WWII Incarceration

Part Four

Japanese American Responses to Incarceration

While the vast majority of Japanese Americans chose to obey the army’s exclusion orders, a few chose to challenge aspects of the exclusion and incarceration.

While the vast majority of Japanese Americans chose to obey the army’s exclusion orders, a few chose to challenge aspects of the exclusion. The cases of three such challengers—Gordon Hirabayashi, Fred Korematsu, and Minoru Yasui—ended up going all the way to the U.S. Supreme Court, with the Court ultimately upholding the legality of the racially based expulsion.

After unrest in the concentration camps in the fall of 1942, the War Relocation Authority (WRA) instituted an ill-conceived questionnaire in the early months of 1943 in an effort to separate the “loyal” from the “disloyal.” On the basis of answers to two key questions, the former were deemed eligible to enlist in the army or to leave the concentration camps to “resettle” in areas away from the West Coast, while the latter were segregated at the Tule Lake, California concentration camp.

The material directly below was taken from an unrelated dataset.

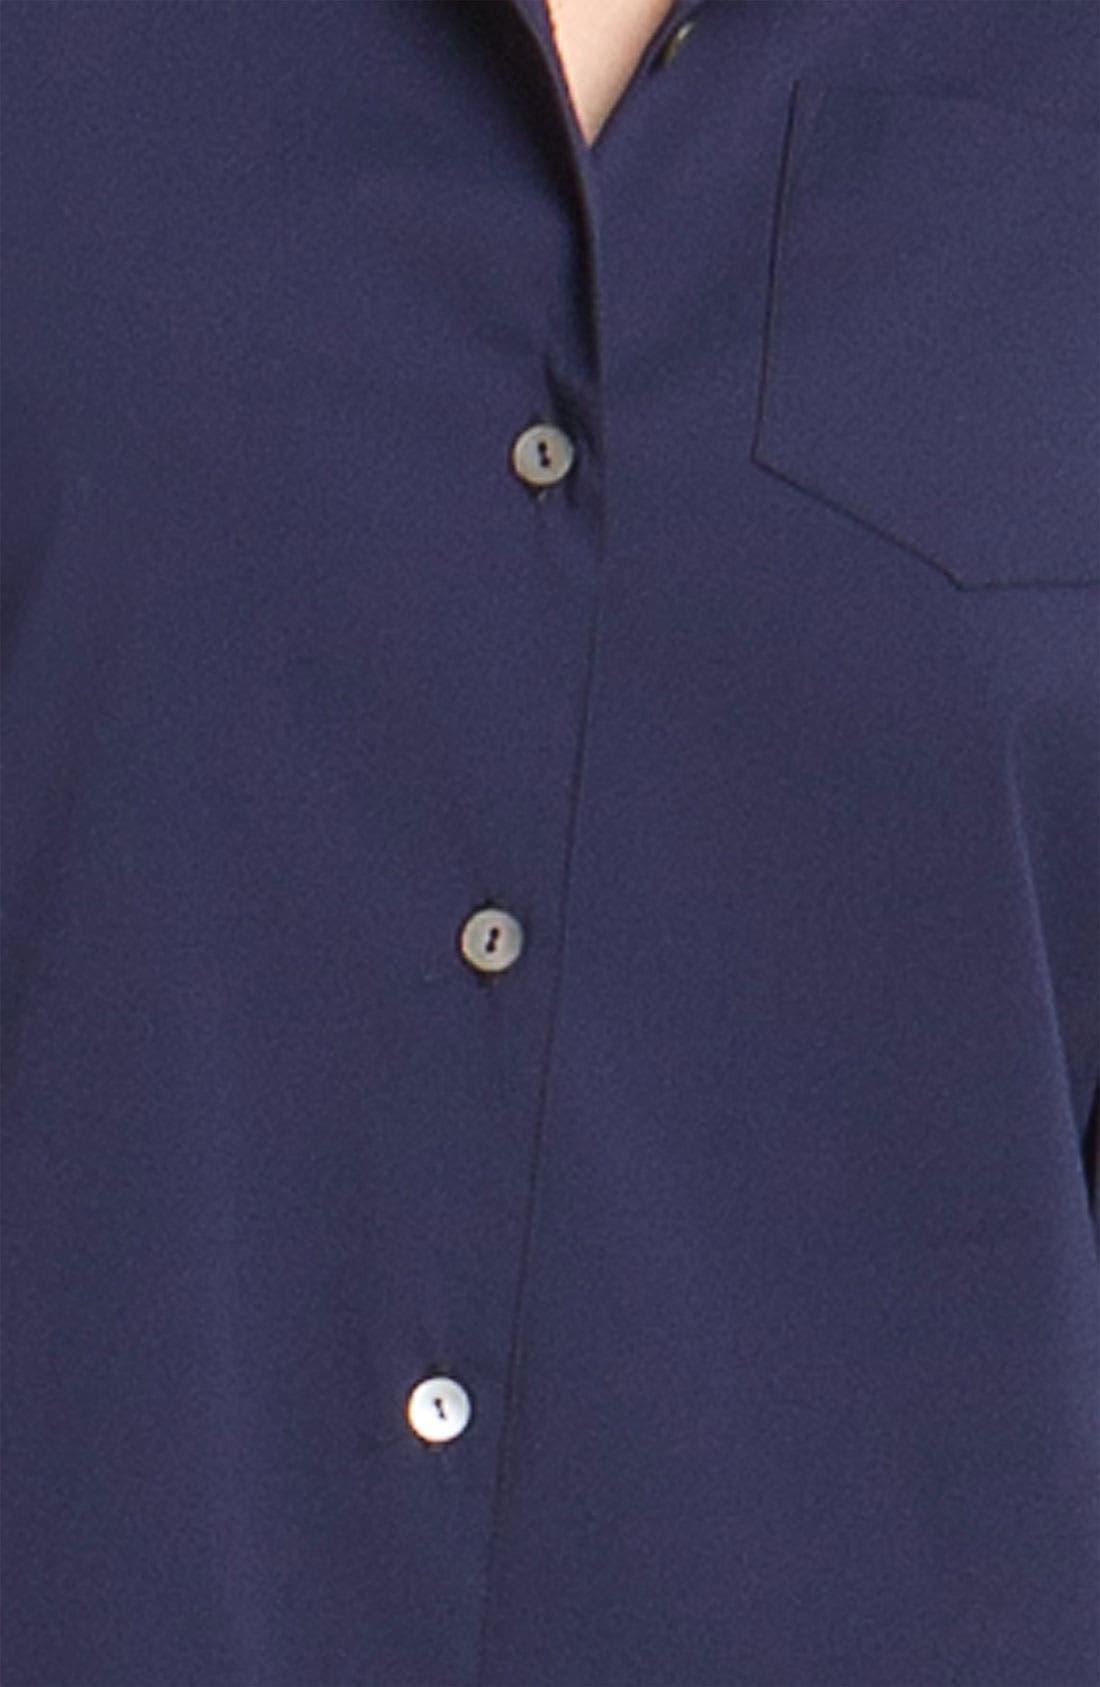 Alternate Image 3  - Theory 'Madlaina - Luxe' Shirtdress

When Japanese Americans’ eligibility for military service was restored in early 1943, thousands of Japanese Americans from Hawai`i, where there was no mass incarceration, flocked to enlist. By contrast, the number who chose to enlist out of the concentration camps was more modest, though many young men still chose to do so despite their family’s continued incarceration. Most became members of the segregated 442nd Regimental Combat Team, which fought in some of the toughest battles on the European front and became one of the most decorated units in the war. Others joined intelligence units in the Pacific as Japanese language specialists whose skills in interrogation and translation contributed greatly to Allied successes.

Though made to jump through many hoops by an overzealous security apparatus, thousands of mostly young Japanese Americans left the concentration camps in 1943 and ‘44 with the encouragement of the WRA. Prohibited from returning to the West Coast, they mostly headed east for college or for jobs and better opportunities. Substantial Japanese American populations formed in cities such as Chicago, Denver, and New York. The WRA—and even President Roosevelt—believed that the scattering of Japanese Americans around the country along with preventing the re-formation of ethnic communities would lessen prejudice against them.

In 1944, the army began drafting Nisei men from the concentration camps. While most reported for duty, some 300 resisted the draft, refusing to report until their community’s civil rights had been restored. The actions of these men proved to be deeply divisive among Japanese Americans, and the history of the draft resisters was largely suppressed in the community for some forty years.

At the end of 1944, the Supreme Court decided on a fourth relevant case, that of a young woman named Mitsuye Endo who challenged her continued incarceration despite her acknowledged loyalty. The Supreme Court’s decision in the Endo case led to Japanese Americans being allowed to return to the West Coast starting in January 1945.